A 3D model, saved in a format such as .obj or .fbx, stores a list of every vertex in the model, as well as their positions. That position data is relative to some ‘origin point’ of the model, and usually doesn’t have any inherent meaning - a vertex with position (2, 0, 0) is just twice as far away from the origin as a vertex with position (1, 0, 0). This is called object space.

Inside a scene in Unity, you could have several different models. Each vertex of each model is no longer positioned relative to its own model; it is positioned relative to some new ‘world’ origin point. Or, more accurately, a vertex is positioned relative to its own object origin point, and the object origin point is positioned relative to a world origin point. This is called world space. The vertex positions still typically have no inherent meaning besides their relative positioning, although in Unity, a distance of one “unit” is typically taken to mean one metre.

So far, none of these spaces are taking a ‘viewer’ such as a camera or a person into account. When you place a camera into a scene in Unity, it has several properties of its own:

Near clip distance: any object closer to the camera than the near clip distance is not rendered (it is culled);
Far clip distance: any object further away from the camera than the far clip distance is also culled;
Field-of-view (FOV): Assuming the near and far clip distances are used to define the top and bottom of a rectangular-based pyramid with the top cut off, the FOV describes the ‘angle’ or ‘steepness’ of the pyramid;
Aspect ratio: Depending on the shape of the screen region (or render texture) the camera is rendering to, the rectangular shape of the base and top of the pyramid.

The pyramid shape described here is the view frustum. Objects outside of it are culled. The objects that are left exist in a new space called clip space; here, a vertex is positioned relative to the object origin point, which is positioned relative to the world origin point, which is positioned relative to the camera’s position. Still with me? Until now, all spaces exist in abstract terms, untied to any physical entity, apart from perhaps the camera’s aspect ratio.

A process called projection transforms the positions such that the x-, y- and z-coordinates are normalised between 0 and 1. Positions touching the left edge or right edge have x-positions of 0 or 1 respectively; positions on the bottom edge or top edge of the frustum have y-positions or 0 or 1 respectively; and positions touching the near clip plane or far clip plane have z-positions of 0 or 1 respectively. Sometimes the y-axis or z-axis is flipped, depending on the platform or the graphics API being used. This is sometimes called normalised clip space, but it’s typically just a middle step towards screen space, when the remaining scene elements are mapped to the physical screen. This final space is, of course, tied to something tangible - the pixels on your screen.

Structs

A struct is essentially the same in a shading language as it is in C; it is a collection of data.

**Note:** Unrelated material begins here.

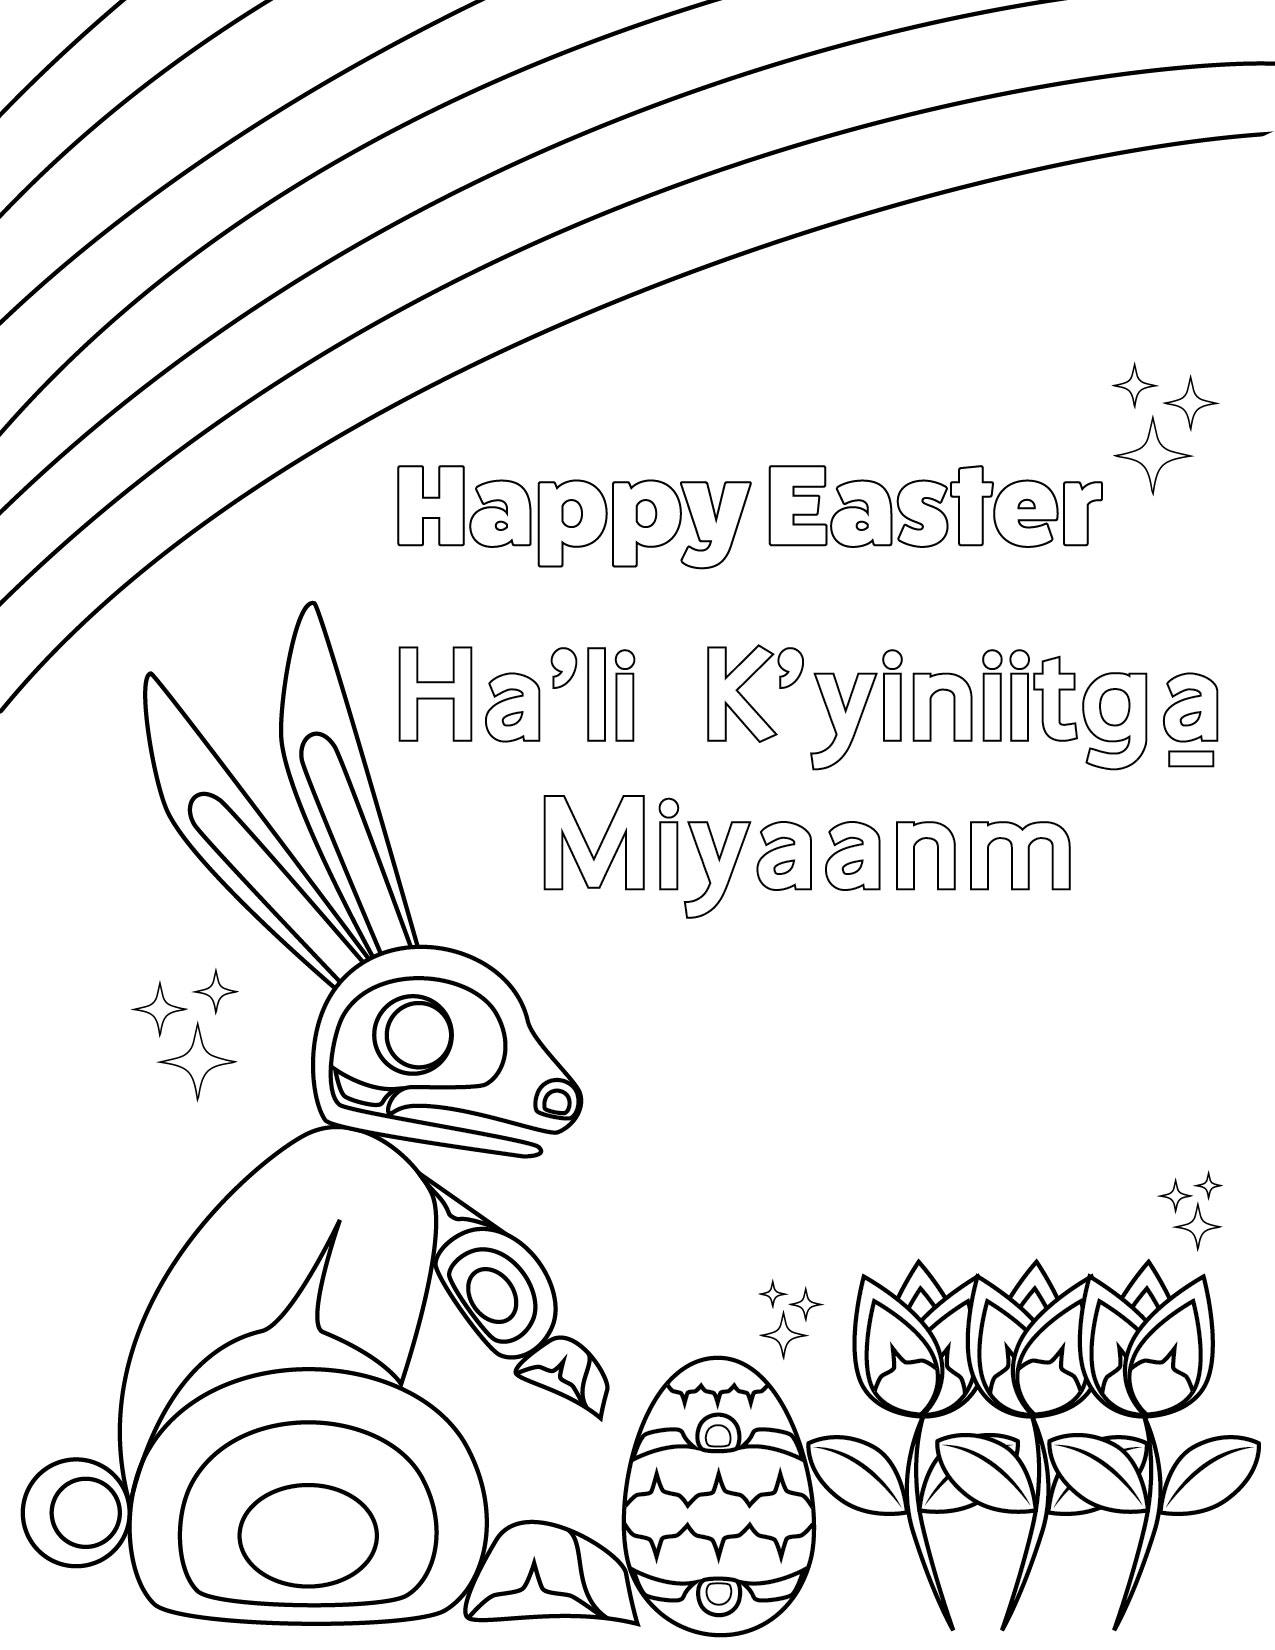 Kitsumkalum Easter Colouring Contest

More accurately, it is a datatype that we can use in place of other datatype such as float or int, and we can use a struct type to return several variables from a function.

struct myStruct
{
    float3 myVector;
    int myInt;
};

Texture Mapping

If we wish to apply a texture over a model, we must know where each bit of the texture goes on the model. To do this, we assign texture coordinates (also known as UV coordinates due to the axes being called u and v instead of x and y) to each vertex of the model. Those UV coordinates correspond to which position on the texture will be applied to that vertex, and all pixels on a model between vertices use UV coordinates interpolated between those of the vertices. UV coordinates are normalised between 0 and 1, where (0, 0) means the bottom-left of an image, and (1, 1) means the top-right.

Vertex and Fragment Shaders

A vertex shader takes in a list of vertices of a model, as well as properties of those vertices: their position in object space, their UV coordinates, a vertex colour, and so on. The vertex shader transforms the input data into a format usable by the fragment shader.

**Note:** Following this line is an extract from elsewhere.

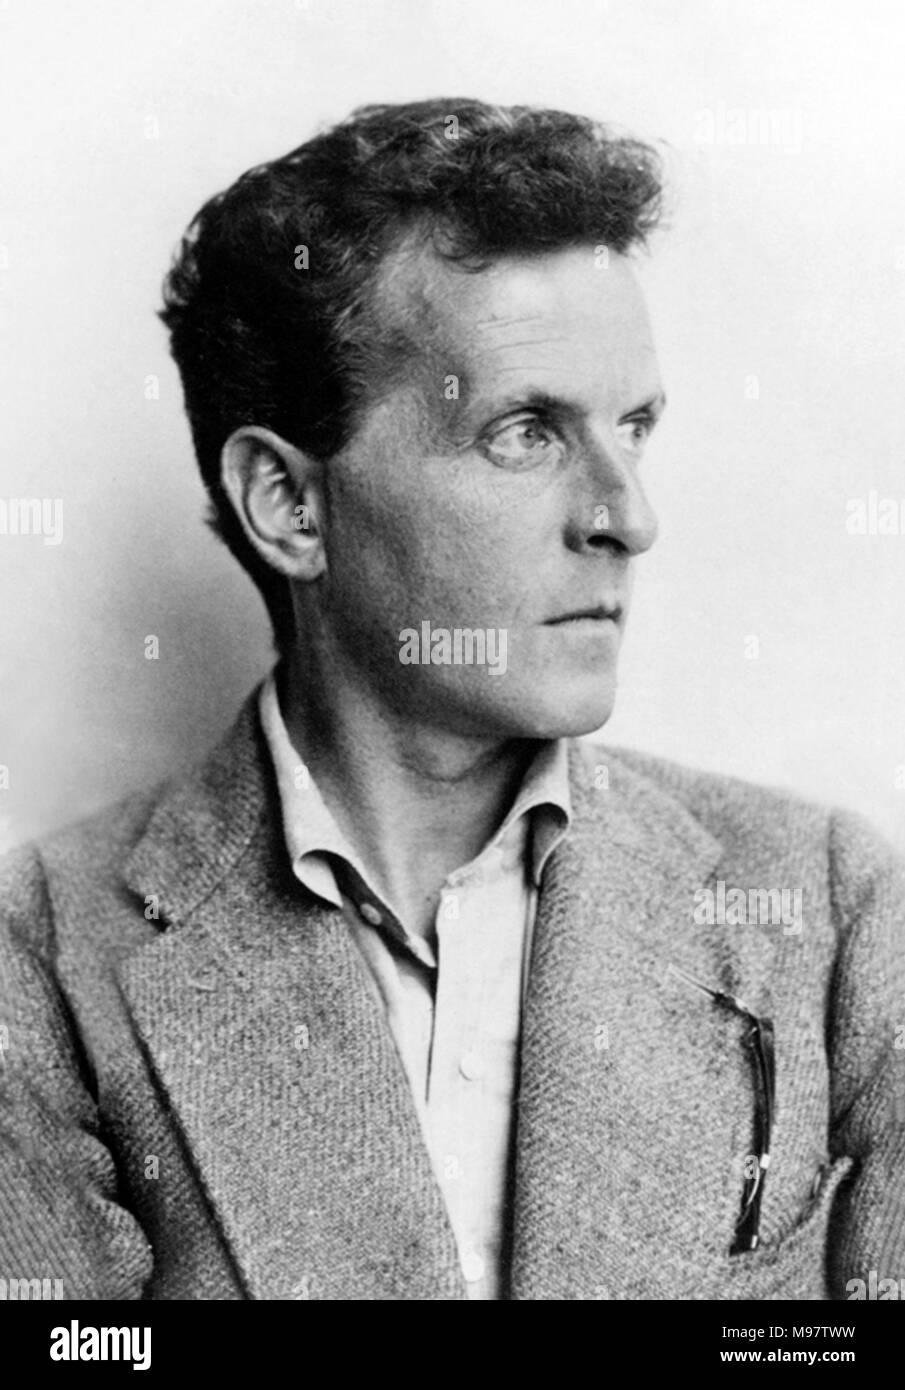 Ludwig Wittgenstein. Portrait of the Austrian philosopher Ludwig Josef Johann Wittgenstein (1889-1951) by Moritz Nähr, 1930. - Stock Image

Data is passed to the vertex shader inside a struct - this is commonly named appdata, as we saw. This struct contains the vertex properties I just listed.

Between the vertex shader and the fragment shader stages of the graphics pipeline, a process called rasterisation fills the space between the vertices and converts the resulting region into a collection of fragments - usually, a fragment corresponds to a pixel on the screen. Hence, a fragment shader is sometimes known as a ‘pixel shader’.

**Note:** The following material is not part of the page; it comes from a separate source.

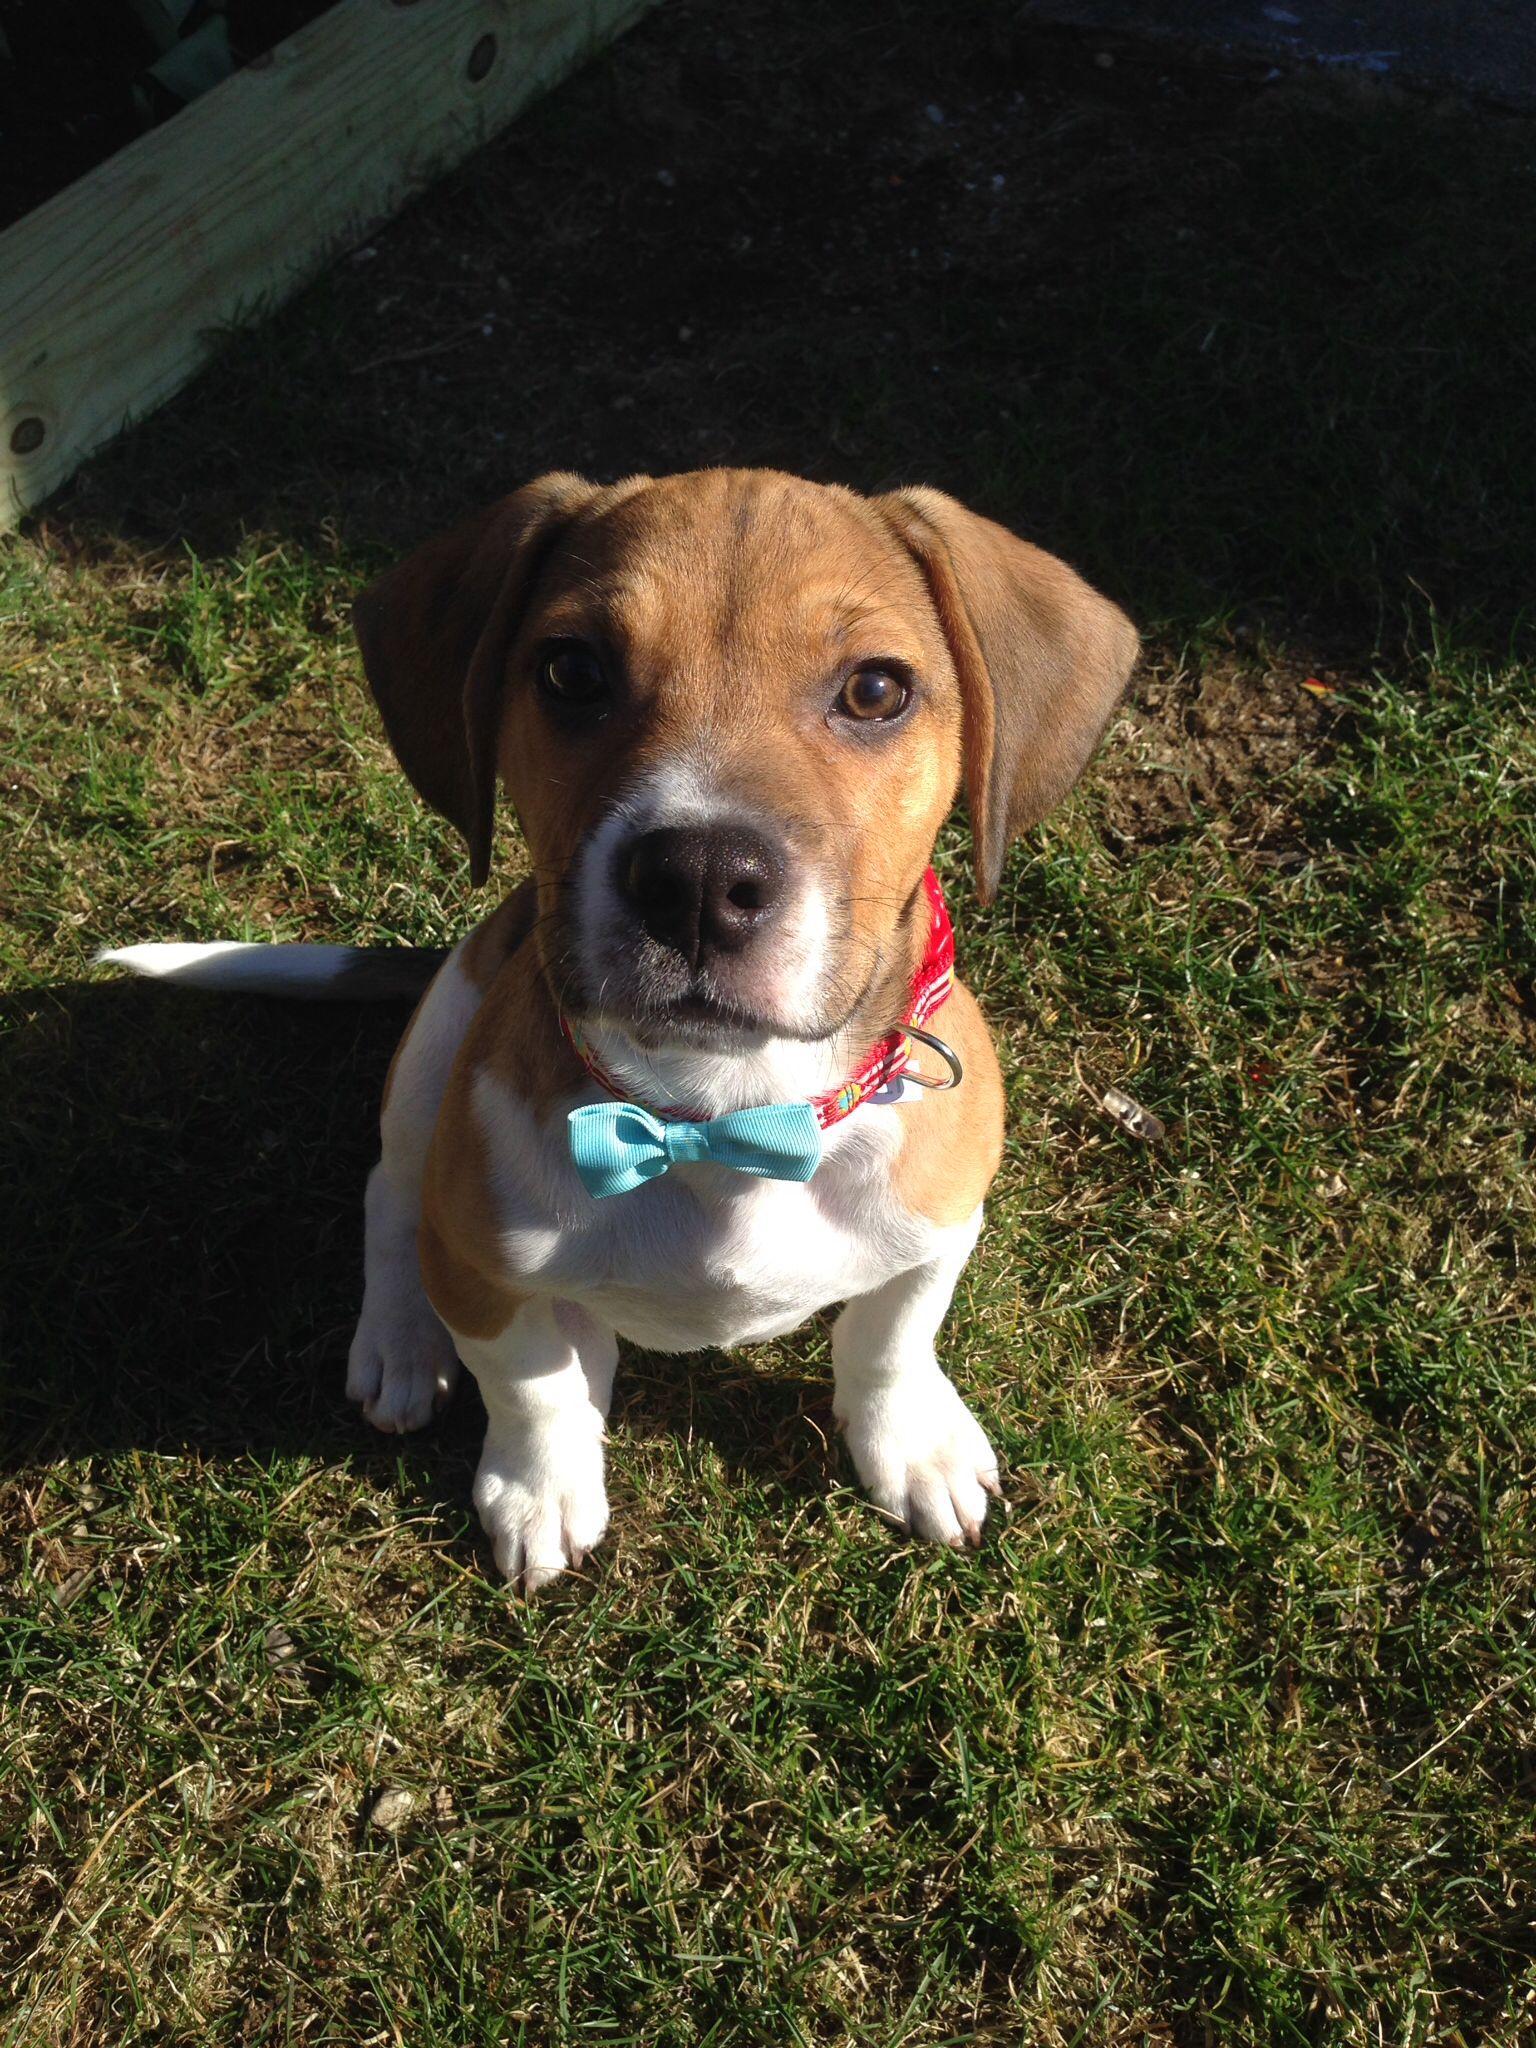 My Frengle French Bulldog Beagle Puppy Reeses Beagle Puppy

The fragment shader receives data output by the vertex shader inside a struct. That struct is commonly called v2f, and it can contain more or fewer variables than appdata, or even completely unrelated data. The fragment shader operates on every fragment/pixel sent to it, and outputs a colour value to be output to the screen.

Texture Sampling

To use textures inside a fragment shader, a variable of type sampler2D is defined as a global variable in the shader file. For all image effects, a texture called _MainTex is defined and automatically sent to the shader by Unity - although we must also define it in the Properties block at the top of the ShaderLab file:

Properties
{
    _MainTex("Main Texture", 2D) = "white" {}
}

...

// Inside shader.
sampler2D _MainTex;

The Properties syntax is a bit strange - we’re defining the _MainTex texture to be full-white by default if no data is passed to it by Unity.

Unity provides a function called tex2D to sample the texture. Sampling is the process of supplying a texture and a UV position to retrieve a colour value, and it looks like this:

float3 col = tex2D(_MainTex, i.uv);

There are other useful automatically generated properties of samplers. If we define a variable called _MainTex_ST, we gain access to the texture scale and offset properties - those can be modified in the Unity Editor in the Inspector. To ensure the correct UV coordinates are generated to sample the texture, in the vertex shader you can use the TRANSFORM_TEX() macro to take the scale and offset parameters into account.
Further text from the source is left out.